Bijzondere berichten

Wij mensen worden als vanzelf aangetrokken door allerlei vormen van informatie die opvallend zijn. Onderzoekers noemen dat in het Engels de ‘salience bias’: vooringenomenheid ten aanzien van opvallende (of, ouderwetser: saillante) dingen.

Dat is evolutionair gesproken goed te begrijpen. Een uitschieter, een straf verhaal, een onverwachte wending trekt makkelijk onze aandacht. Ze prikkelt onze normale ideeën en kan ons mogelijk nieuwe kennis bijbrengen. Voor een soort als Homo sapiens die het moet hebben van haar intelligentie is dat belangrijk. Daardoor ervaren we zulke informatie als interessant. Denk hierbij bijvoorbeeld aan de klassieke grap onder journalisten: “hond bijt man” is geen nieuws, “man bijt hond” is dat wel.
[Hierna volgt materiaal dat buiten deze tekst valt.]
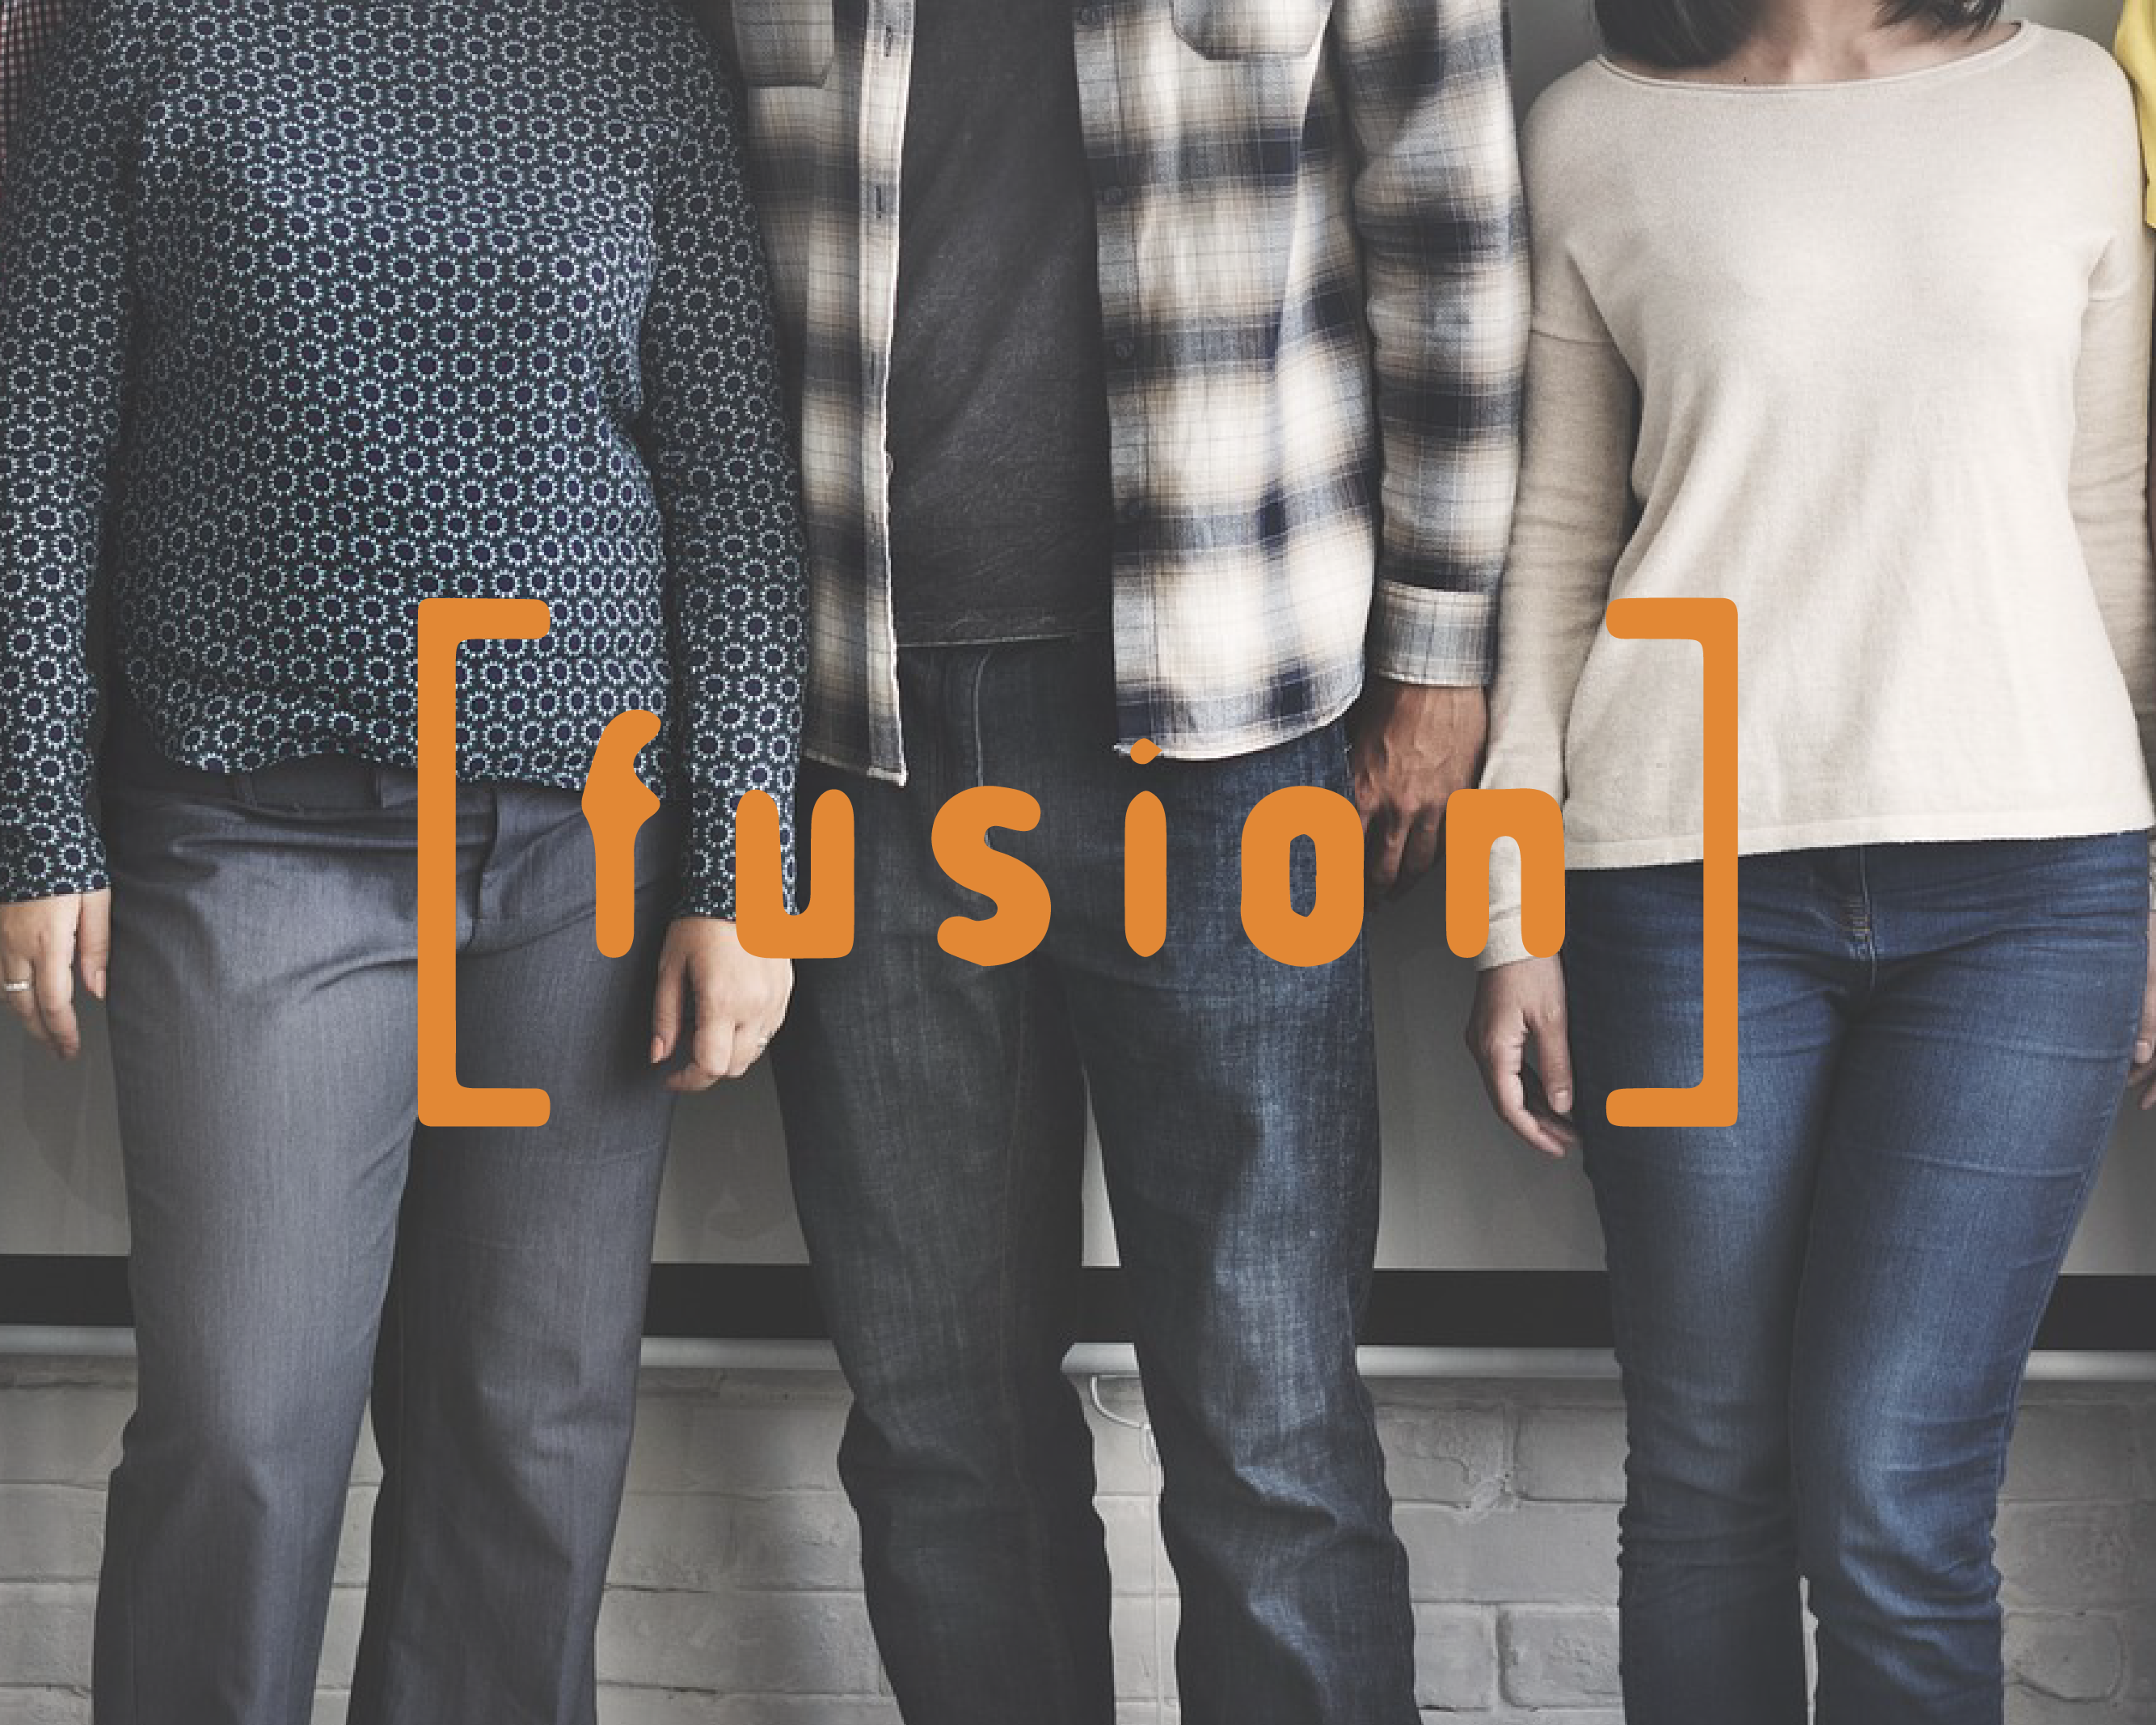 Fusion – World Mission

Jammer genoeg heeft die natuurlijke interesse ook ongewenste neveneffecten. Ze zorgt er mee voor dat bijzondere beweringen zich soms als een lopend vuurtje verspreiden. Dat gaat grotendeels vanzelf: denk maar aan stadslegendes of broodjeaapverhalen. Die zijn vaak lichtvoetig, maar kunnen ook bijdragen aan minder grappige fenomenen. Denken we hierbij aan voorvallen van onterechte massapaniek (vaak uit angst voor ziektes als hiv-aids) of lasterlijke verhalen aan het adres van bepaalde bevolkingsgroepen. Van de Middeleeuwen tot het nabije verleden waren dat typisch de joden. De gevolgen zijn bekend.

Bewuste beïnvloeding

Onze ingebakken menselijke manieren van informatievergaring slaan als het ware op hol. Daardoor ontstaan broodje-aapverhalen en gelijkaardige memen (eenheden van zichzelf verspreidende culturele informatie, naar analogie met genen) vaak spontaan, ongeacht de samenlevingsvorm of graad van scholing. Deze kwestie heeft trouwens maar weinig met intelligentie te maken: hoogopgeleide mensen geloven doorgaans gewoon complexere nonsens.
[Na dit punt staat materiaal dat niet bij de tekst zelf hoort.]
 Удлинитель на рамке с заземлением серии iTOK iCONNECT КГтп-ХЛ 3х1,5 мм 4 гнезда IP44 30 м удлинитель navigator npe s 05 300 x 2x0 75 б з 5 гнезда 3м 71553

Andere slimmeriken, daarentegen, weten precies hoe ze deze typisch menselijke tekortkomingen voor hun eigen doelen kunnen gebruiken. Ze duwen als het ware op de juiste knopjes en laten hun boodschap daarna zichzelf verspreiden. Denk maar aan de talloze reclames over een gezellige familieomgeving of grappige situatie die met het product zelf eigenlijk helemaal niets te maken hebben. Maar even goed aan de aanlokkelijke titels van zogenaamde clickbait websites (“Deze man kwam thuis en vond zijn vrouw niet. Je gelooft NOOIT wat er toen gebeurde…”). Ook de klassieke media generen zich over het algemeen niet om een straf citaat uit een interview te lichten om vervolgens de eigenlijke inhoud achter een betaal- of advertentiemuur te verstoppen.

Maar de motieven hoeven niet altijd zuiver financieel te zijn. Intussen weet denk ik iedereen hoe autoritaire regimes de media in binnen- én buitenland bespelen om de bevolking te beïnvloeden en hun eigen doelstellingen te helpen realiseren. Ook andere verspreiders van desinformatie weten heel goed hoe ze de aandacht van burgers kunnen trekken. Niet voor niets kun je geen antivax publicatie openslaan zonder ergens een gigantische naald te zien, al dan niet met huilend kind ernaast. Dat roept spontane gevoelens op bij ieder normaal mens.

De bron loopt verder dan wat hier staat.